Uncovering Hedge Fund Skill from the Portfolio Holdings They Hide
This paper studies the \"confidential holdings\" of institutional investors, especially hedge funds, where the quarter-end equity holdings are disclosed with a delay through amendments to Form 13F and are usually excluded from the standard databases. Funds managing large risky portfolios with nonconventional strategies seek confidentiality more frequently. Stocks in these holdings are disproportionately associated with information-sensitive events or share characteristics indicating greater information asymmetry. Confidential holdings exhibit superior performance up to 12 months, and tend to take longer to build. Together the evidence supports private information and the associated price impact as the dominant motives for confidentiality.
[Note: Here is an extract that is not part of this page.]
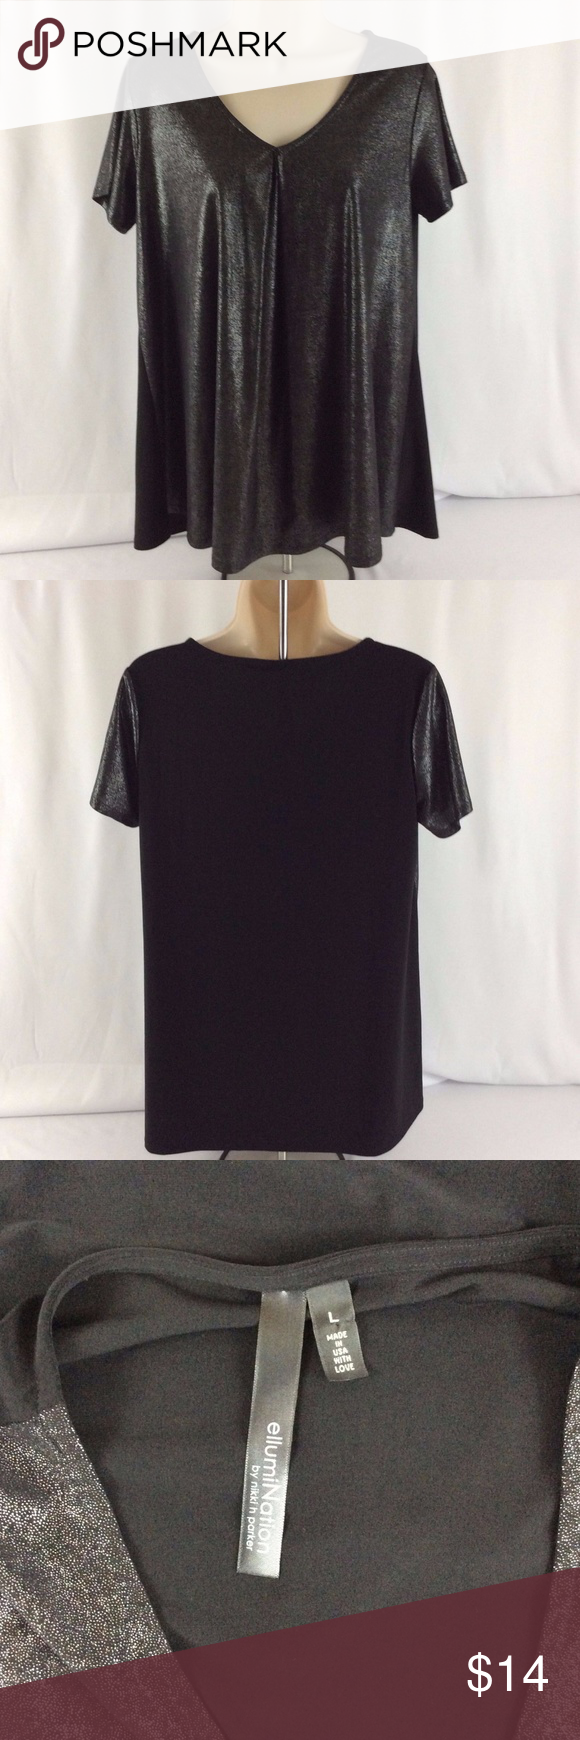 ec35172a3 EllumiNation Nikki H Parker Black Shimmer Shirt EllumiNation Nikki H Parker  Black Silver Shimmer Shirt Blouse Large Womens Loose Fit.

Sentiment Trading and Hedge Fund Returns
In the presence of sentiment fluctuations, arbitrageurs may engage in different strategies leading to dispersed sentiment exposures. We find that hedge funds in the top decile ranked by sentiment beta outperform those in the bottom decile by 0.59% per month on a risk-adjusted basis, with the spread being larger among skilled funds. We also find that about 10% of hedge funds have sentiment timing skill that positively correlates with fund sentiment beta and contributes to fund performance. Our findings show that skilled hedge funds can earn high returns by predicting and exploiting sentiment changes rather than betting against mispricing.